Your instructions:
Type out the listing below exactly. Pictures stay out of it.
--- Collected material Enclosed Below ---
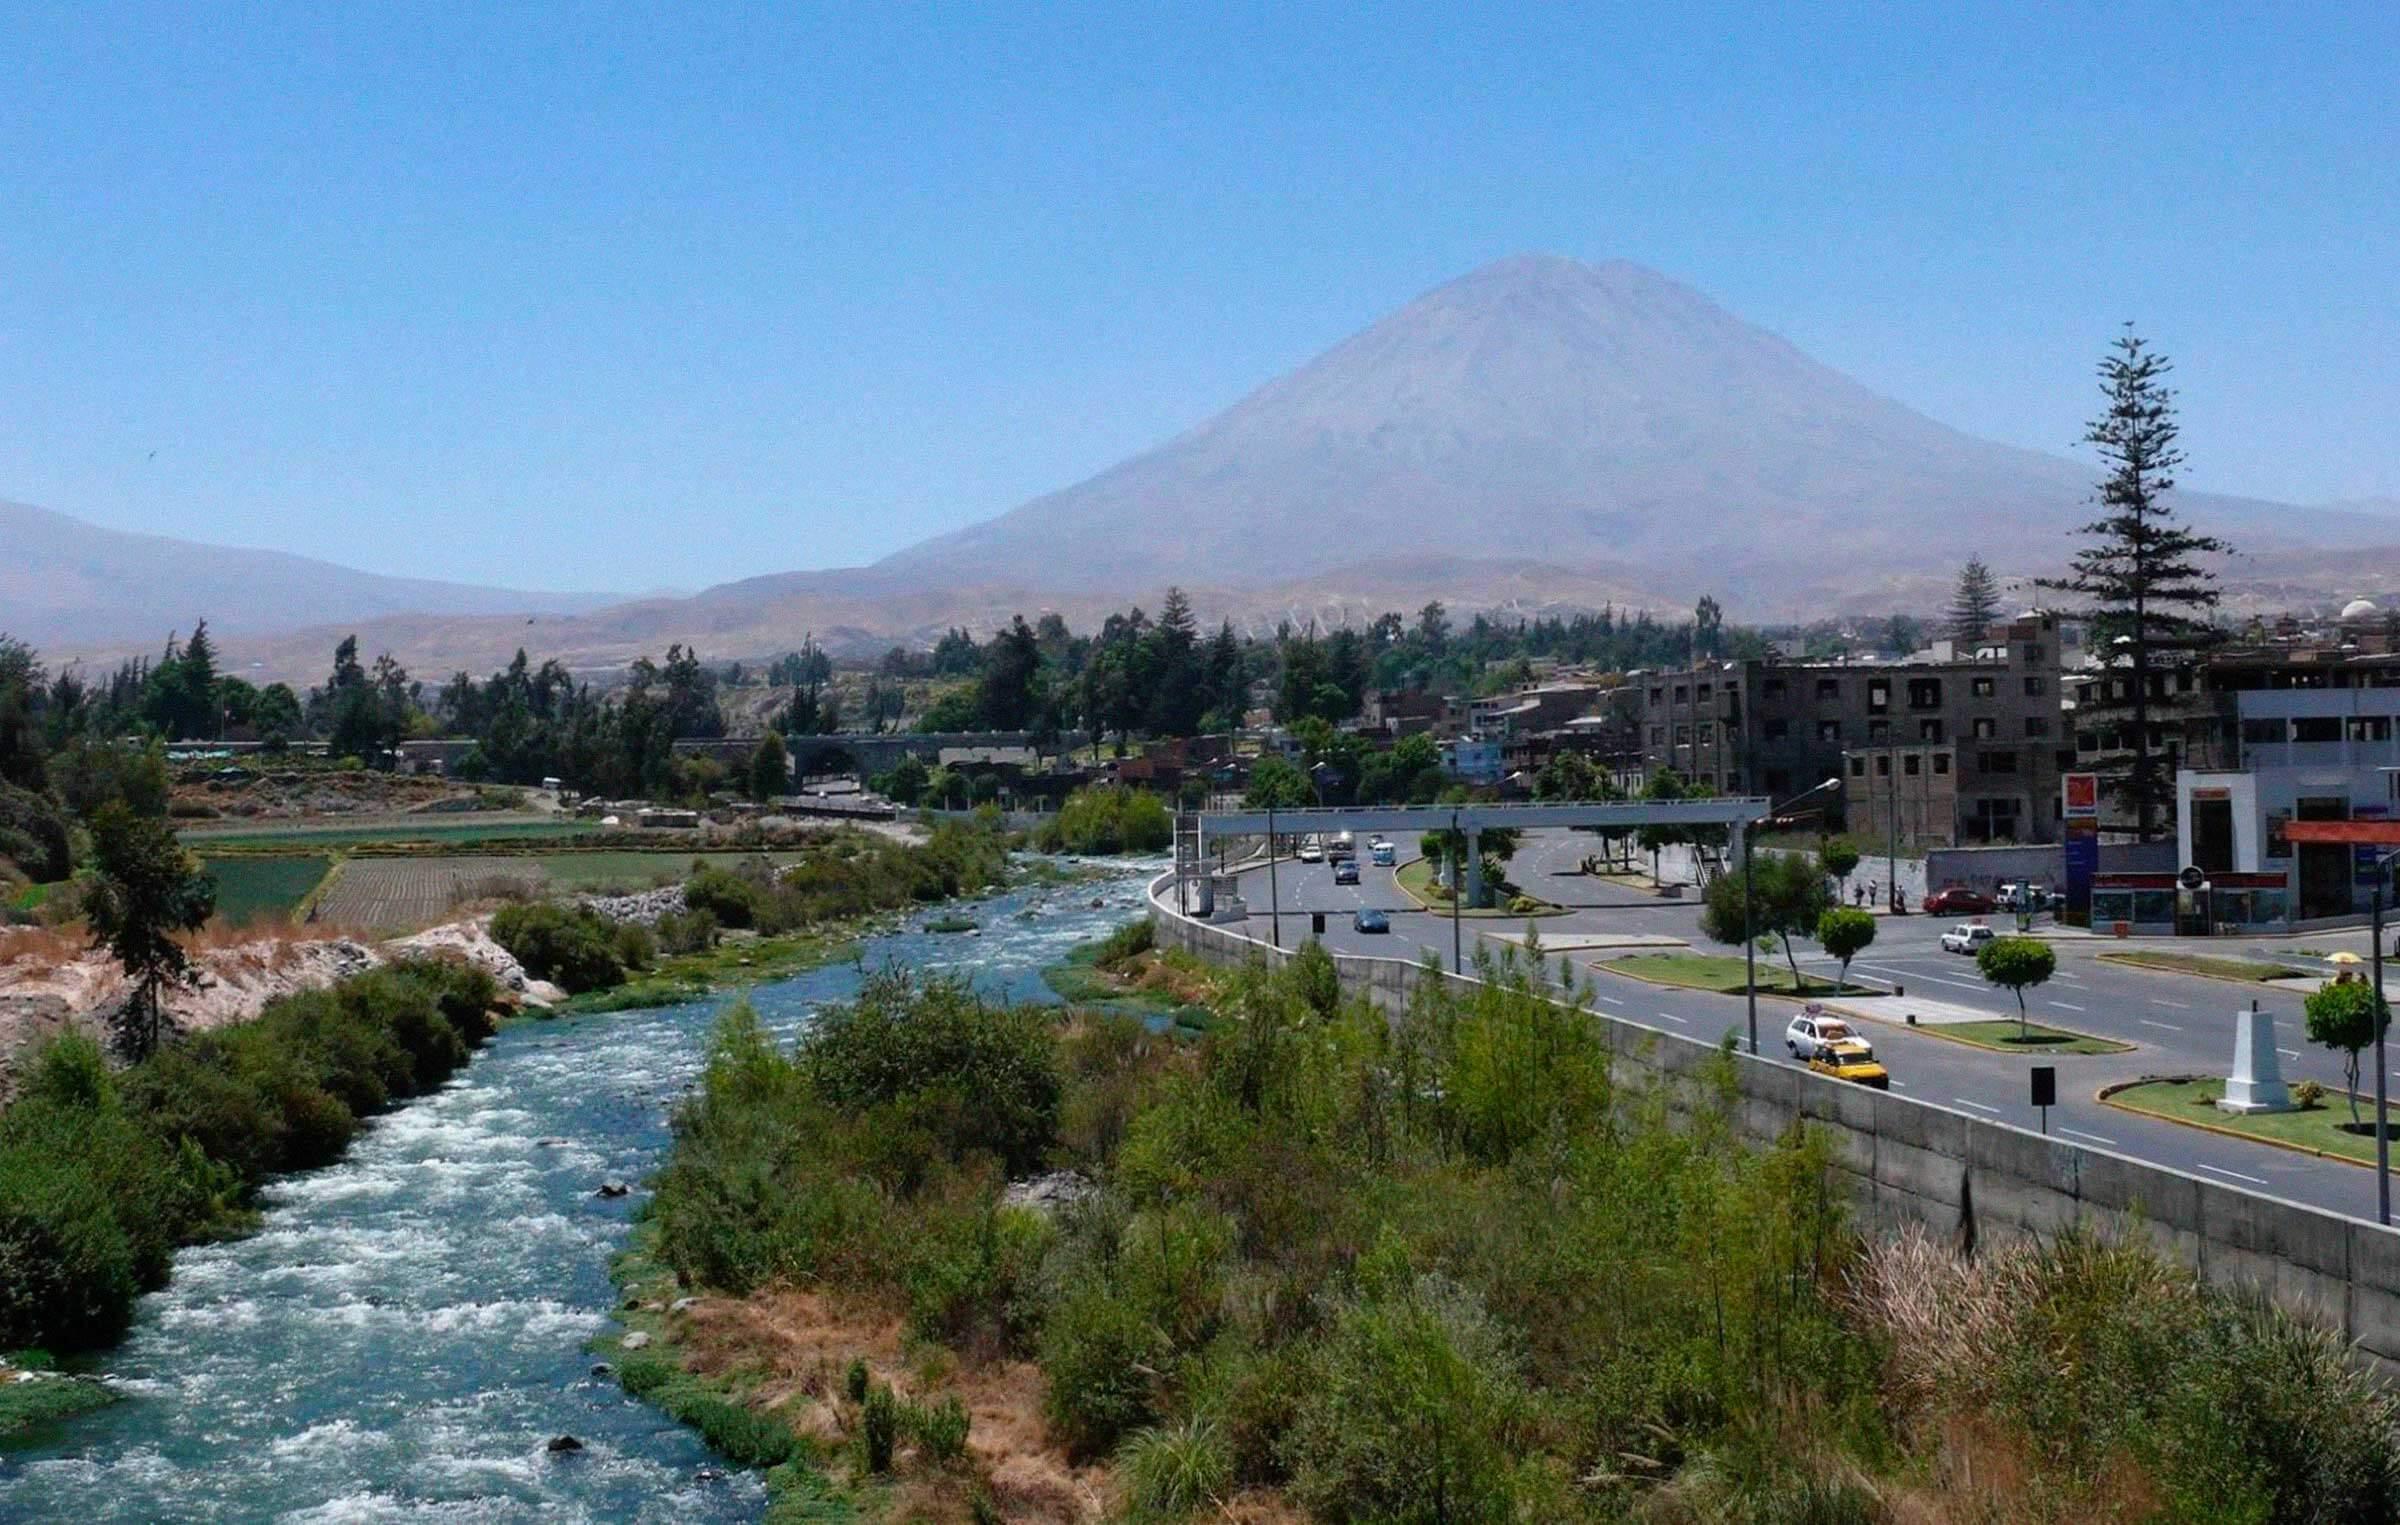 life-vertalim-paisaje-monte-rio-carretera-azti
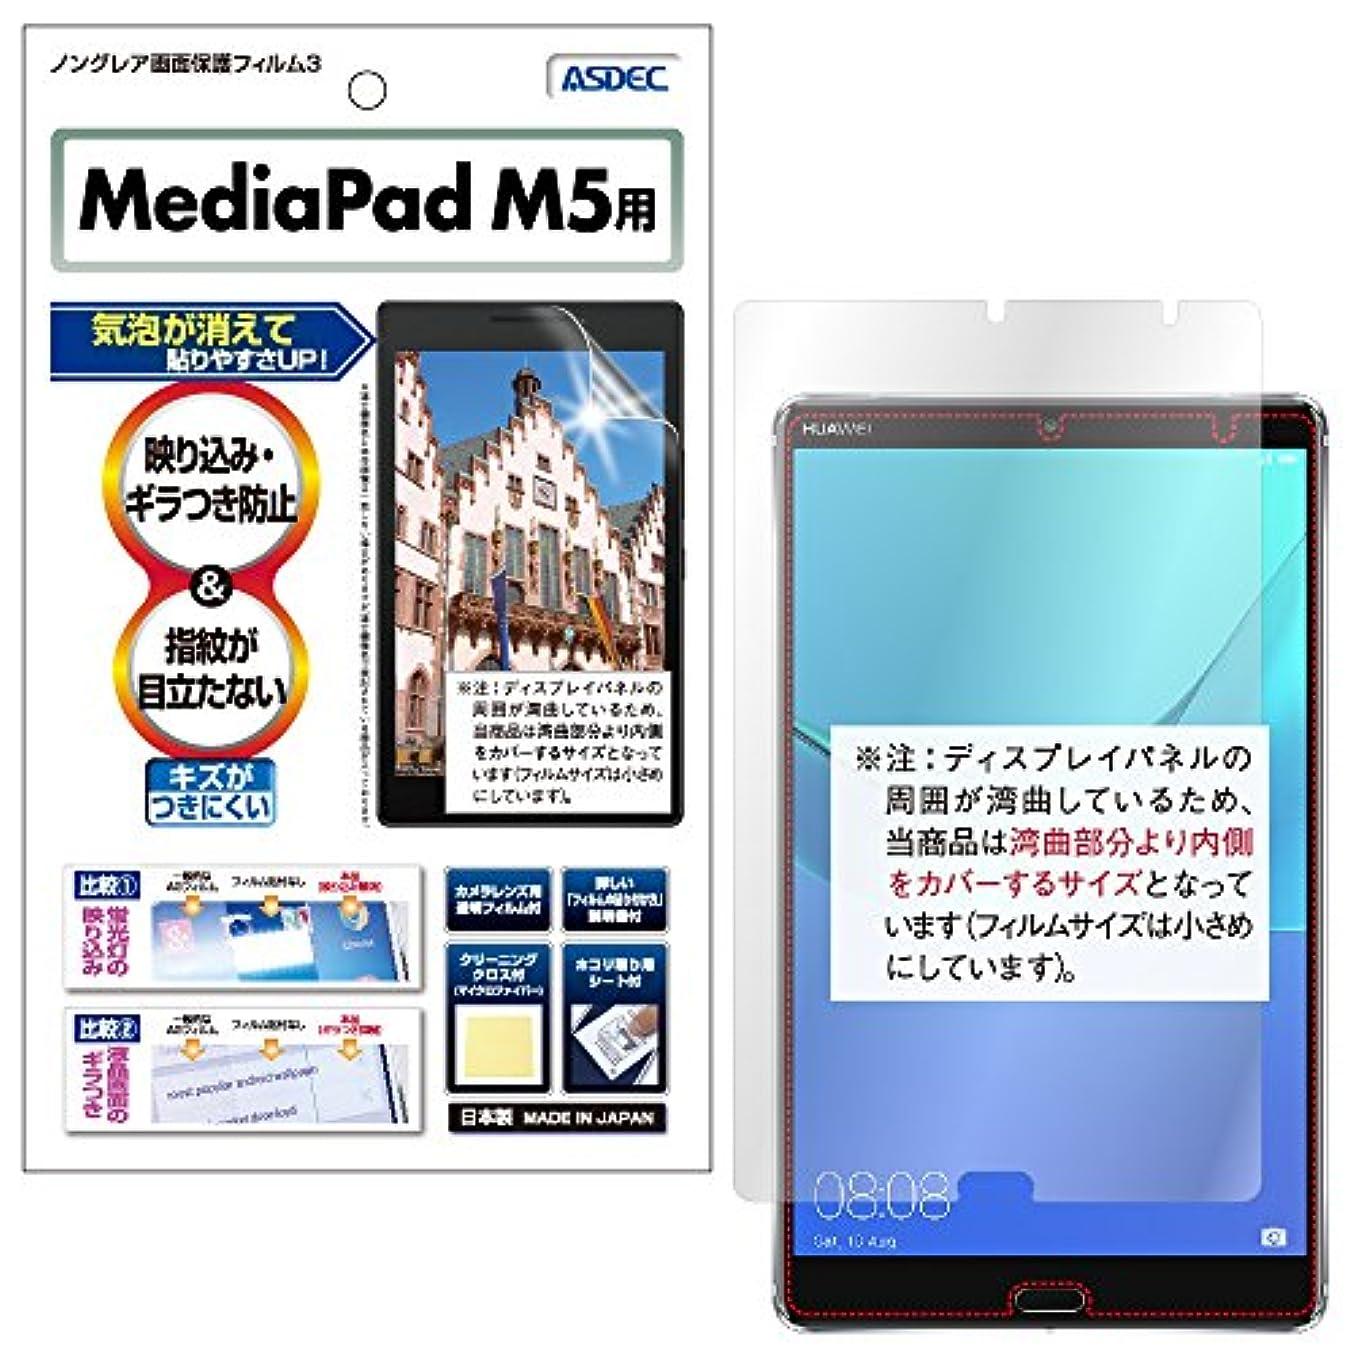 優先しがみつくコテージASDEC アスデック HUAWEI MediaPad M5 タブレット 8.4インチ フィルム ノングレアフィルム3?防指紋 指紋防止?気泡消失?映り込み防止 反射防止?キズ防止?アンチグレア?日本製 NGB-HWPM5 (M5 8, マットフィルム)
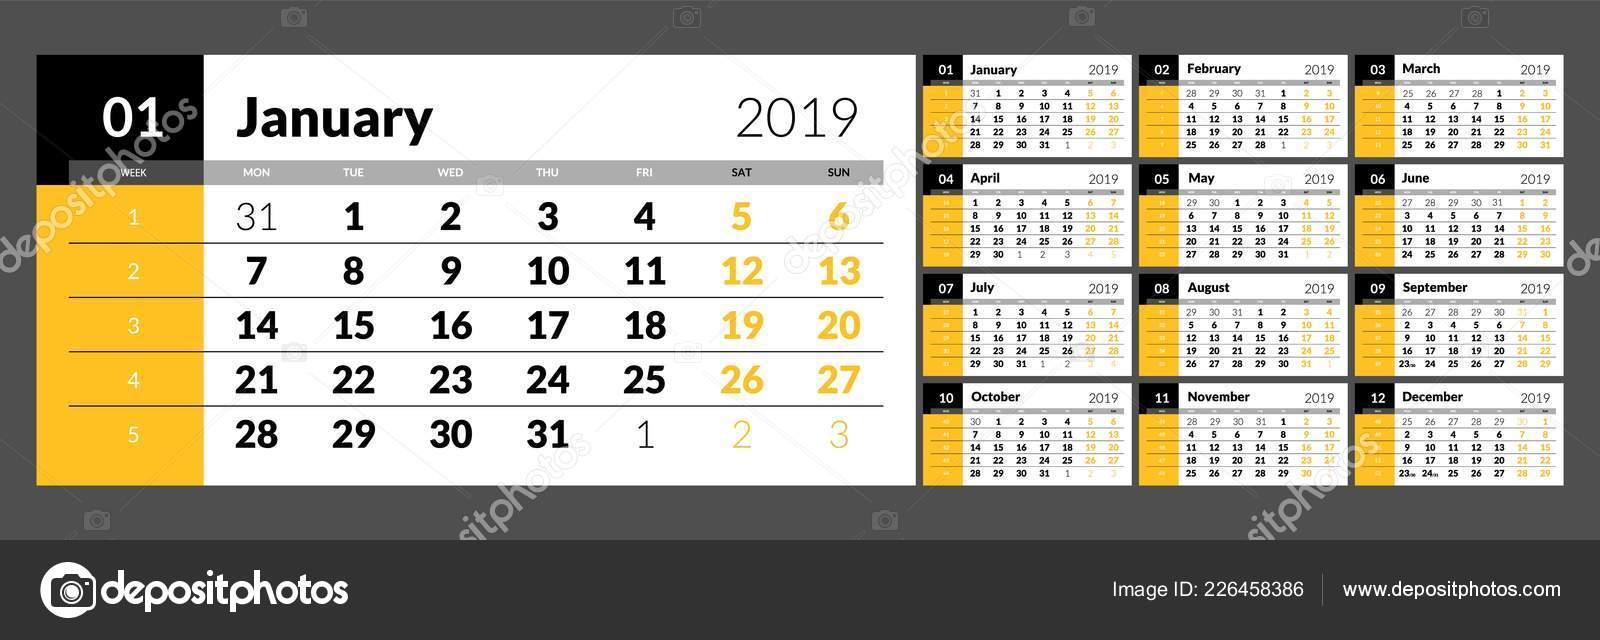 Calendario Numero Settimana 2019.Il Calendario Per Il 2019 Nuovo Anno Stampabile Vettoriali
--- End of Enclosed Collected material ---
Solved exercise:
 life-vertalim-paisaje-monte-rio-carretera-azti
 優先しがみつくコテージASDEC アスデック HUAWEI MediaPad M5 タブレット 8.4インチ フィルム ノングレアフィルム3?防指紋 指紋防止?気泡消失?映り込み防止 反射防止?キズ防止?アンチグレア?日本製 NGB-HWPM5 (M5 8, マットフィルム)
 Calendario Numero Settimana 2019.Il Calendario Per Il 2019 Nuovo Anno Stampabile Vettoriali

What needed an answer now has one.